[DESCRIPTION OF THE TASK]:
Where a picture appears in the data below, exclude it; restate everything else word for word.

[DATA SECTION]:

====================

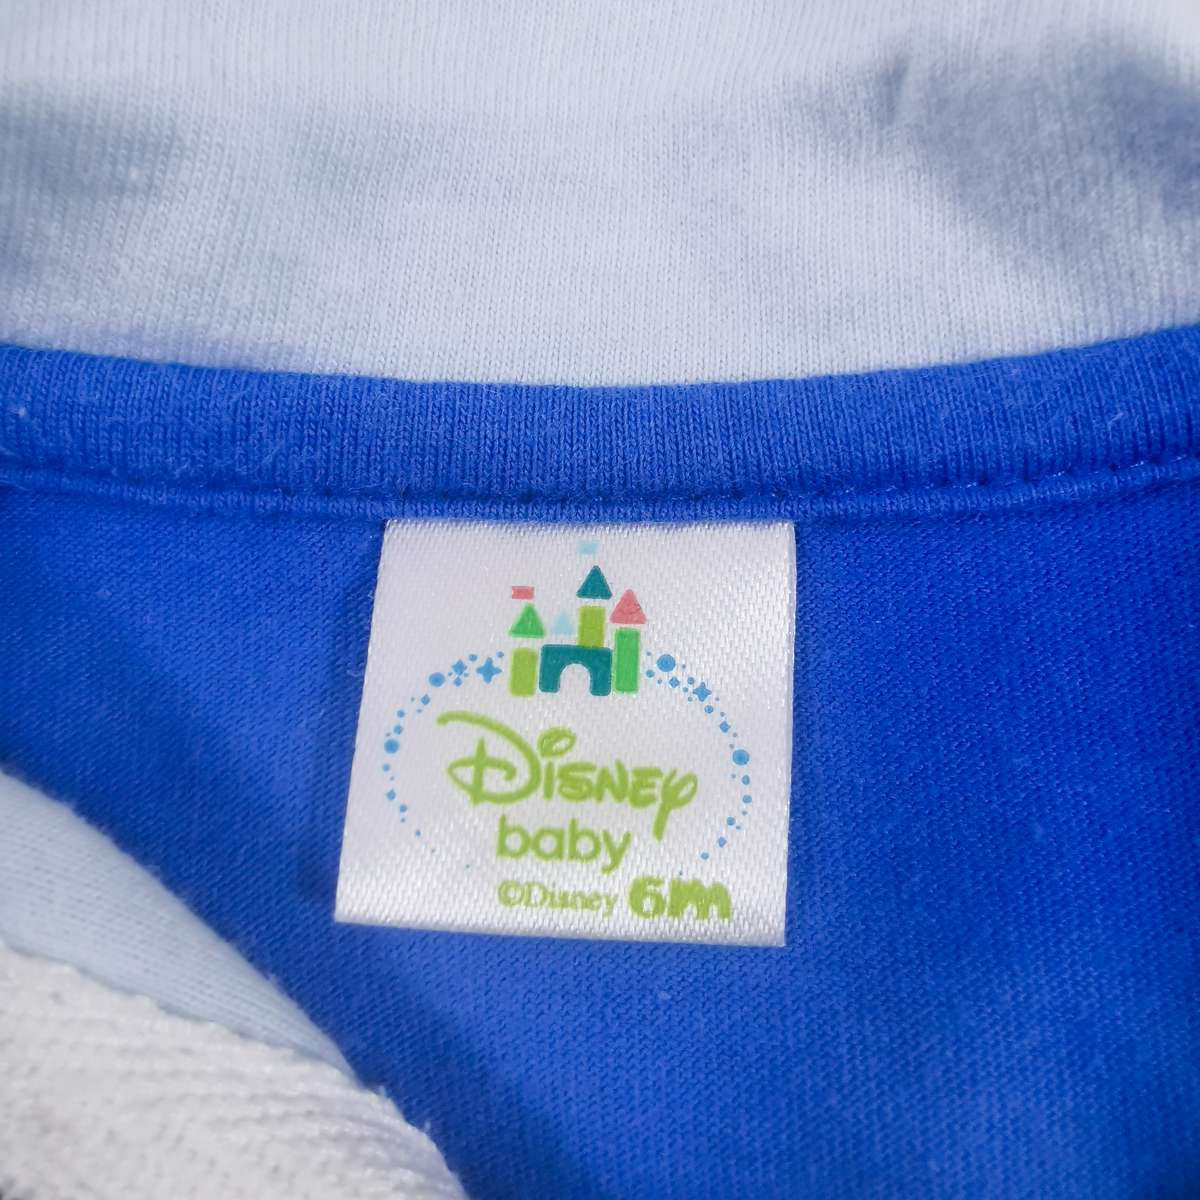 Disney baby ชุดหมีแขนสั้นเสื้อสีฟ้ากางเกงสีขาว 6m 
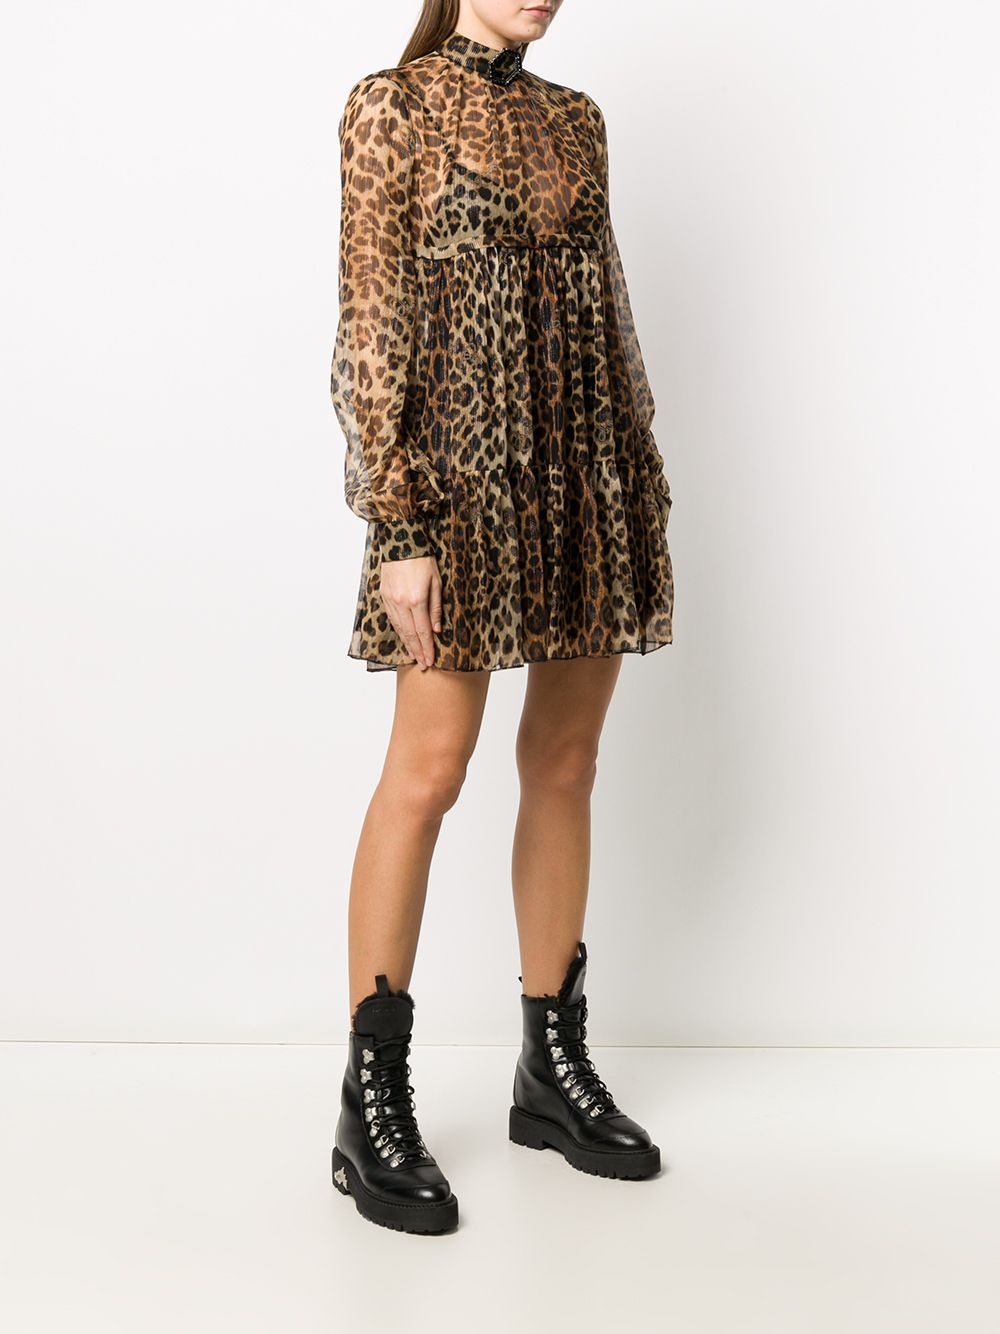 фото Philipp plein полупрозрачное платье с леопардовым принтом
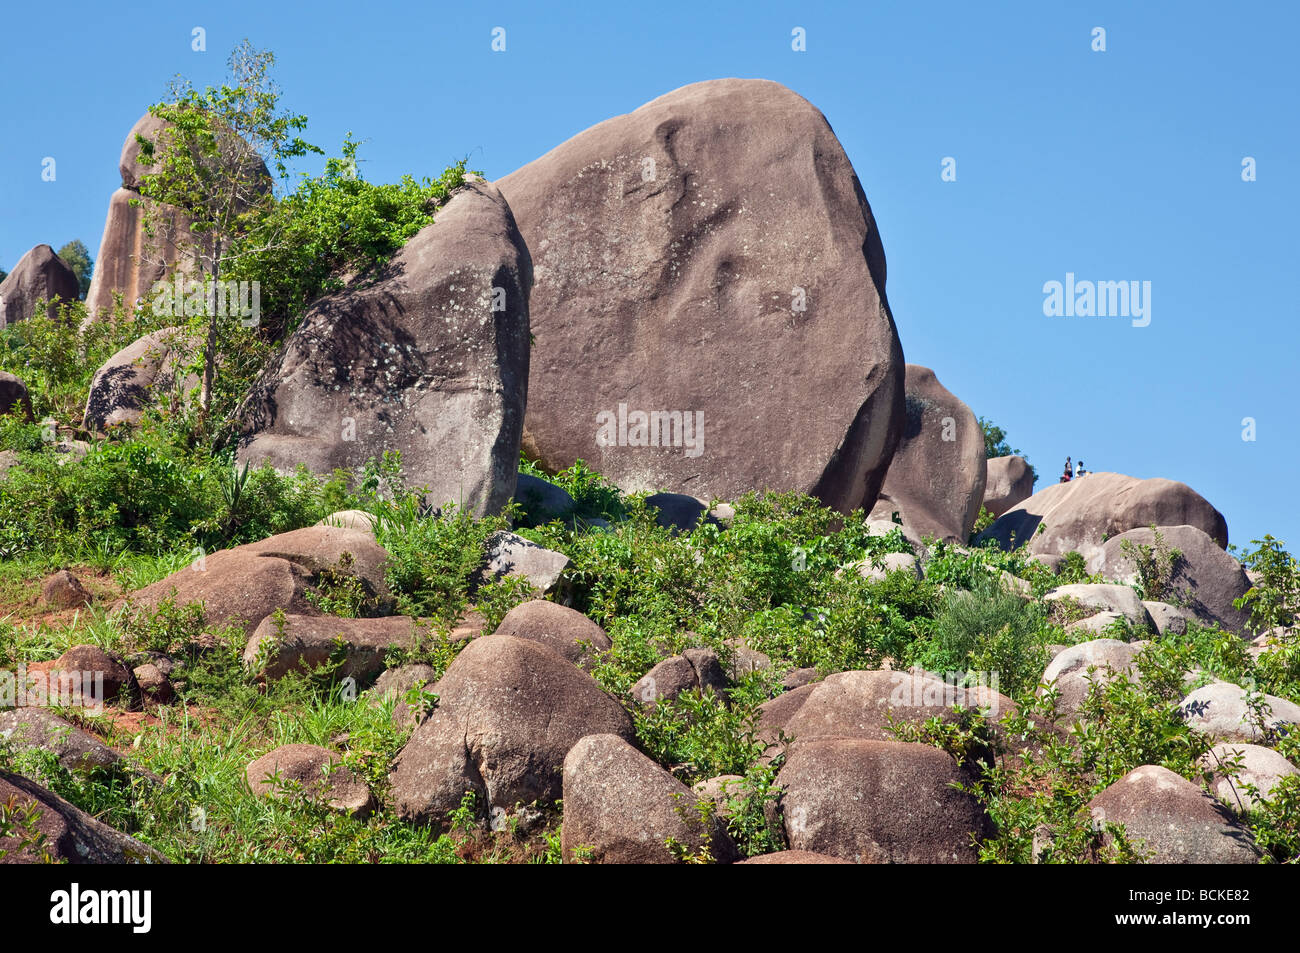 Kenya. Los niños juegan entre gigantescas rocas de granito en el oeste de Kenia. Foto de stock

====================

[ANSWER SECTION]:
 Disney baby ชุดหมีแขนสั้นเสื้อสีฟ้ากางเกงสีขาว 6m 
 фото Philipp plein полупрозрачное платье с леопардовым принтом
 Kenya. Los niños juegan entre gigantescas rocas de granito en el oeste de Kenia. Foto de stock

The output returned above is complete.